My mother, at least, makes an effort to understand and to support me in whatever I do. My relationship with my father, however – well, what is it with girls and their fathers anyway? We love and hate in the same breath, hate because they never understand or attempt to let go of their egos, love because we must and because we can’t help it. And slowly but surely, I’m beginning to believe that if my father knew who I really was, he wouldn’t like me as a person. Rather than accept me for who I am, he might choose to believe that he brought me up badly or I was led astray by wayward friends.
Our definitions and ideas of happiness have come to differ so much that I sometimes wonder if he is living vicariously through me, trying to find new life in my endeavours while happening to forget that it is really me I need to please now. I have spent so much of my life living in the shadow of other people’s decisions that I feel, perhaps selfishly, that my childhood passed by while I watched helplessly from the sidelines. The irony of feeling most comfortable with myself in places that are not my comfort zone doesn’t escape me and while I can’t go on travelling indefinitely, the pull to find a little place, all my own, where I can be myself grows inexorably stronger.
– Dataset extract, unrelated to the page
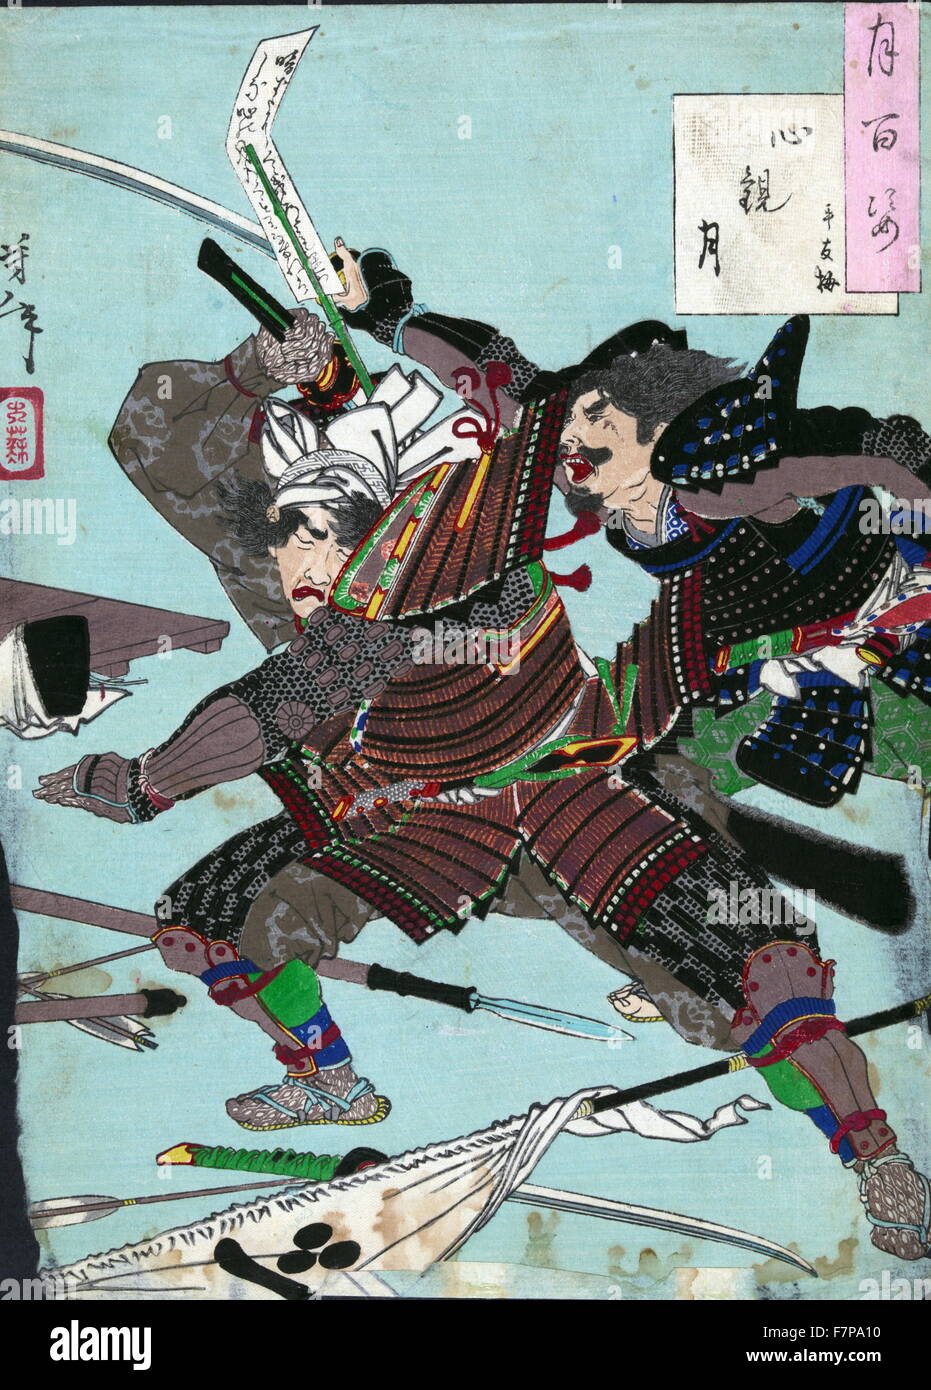 taisou samurai jack
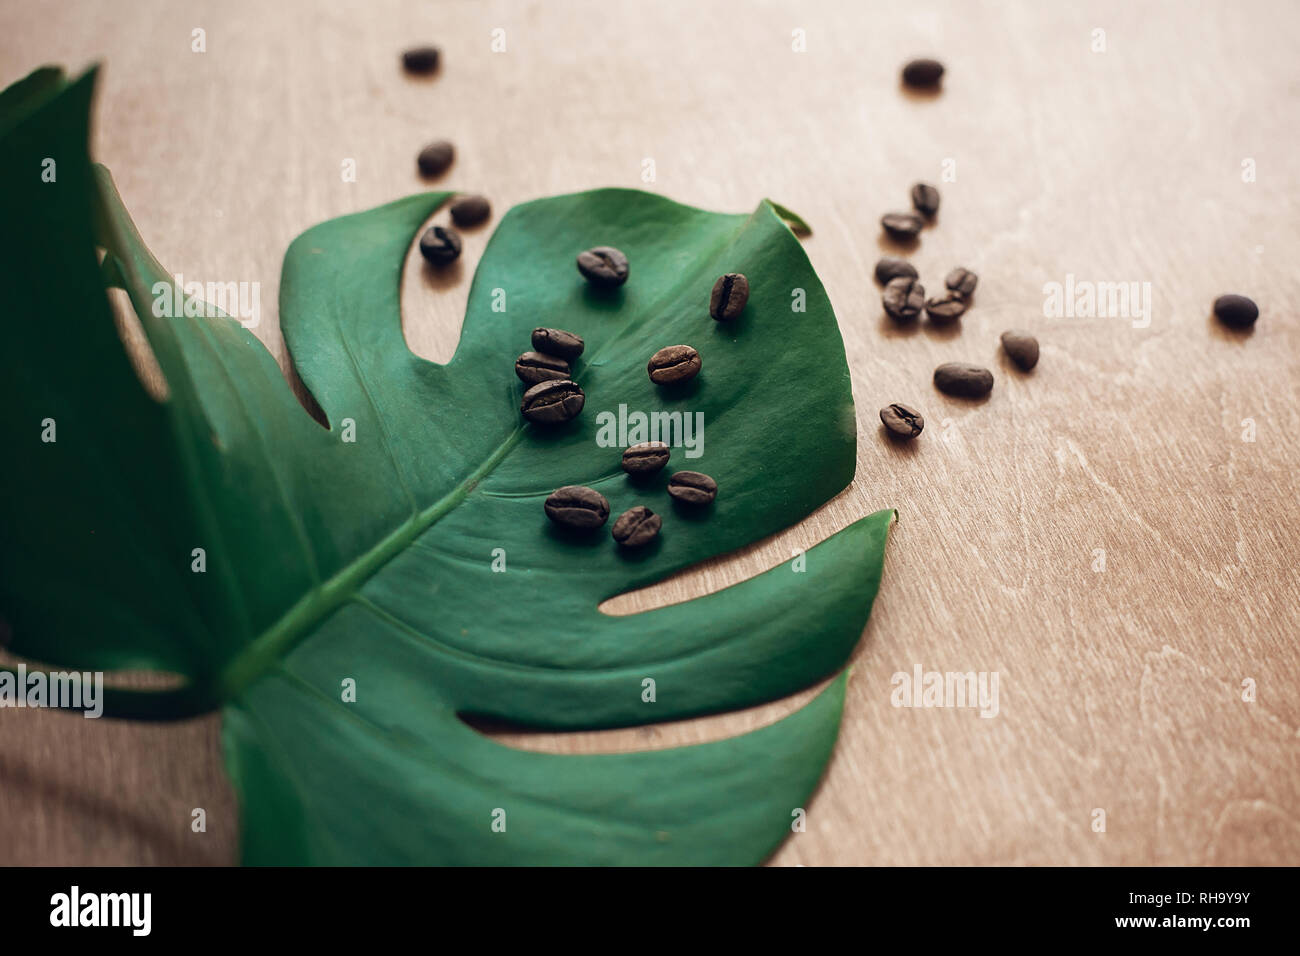 Stilvolle Bild von gerösteten Kaffeebohnen auf Grün monstera Blatt auf rustikalem Holz in Licht. Eco Kaffeebohnen Konzept, morgen Hot Drink mit Energie und Arom Stockfoto

And this to me is strange, that once I lived in an ivory tower where I looked up to my father and truly wanted to be anything he wanted me to be while now, I want to be my own person but still beg his blessing. I am who I am now, and I can’t change that. What hurts most is that sometimes, on truly bad days, he makes me feel as if I should want to.
Coming home is meant to be a comforting experience, like sliding into water that is warm as a womb. But I cannot completely relax when disapproval and guilt hang like a mantle over us.
All I do is wonder why it is that being in your arms anchors me so completely where my own flesh and blood fail to make me feel complete.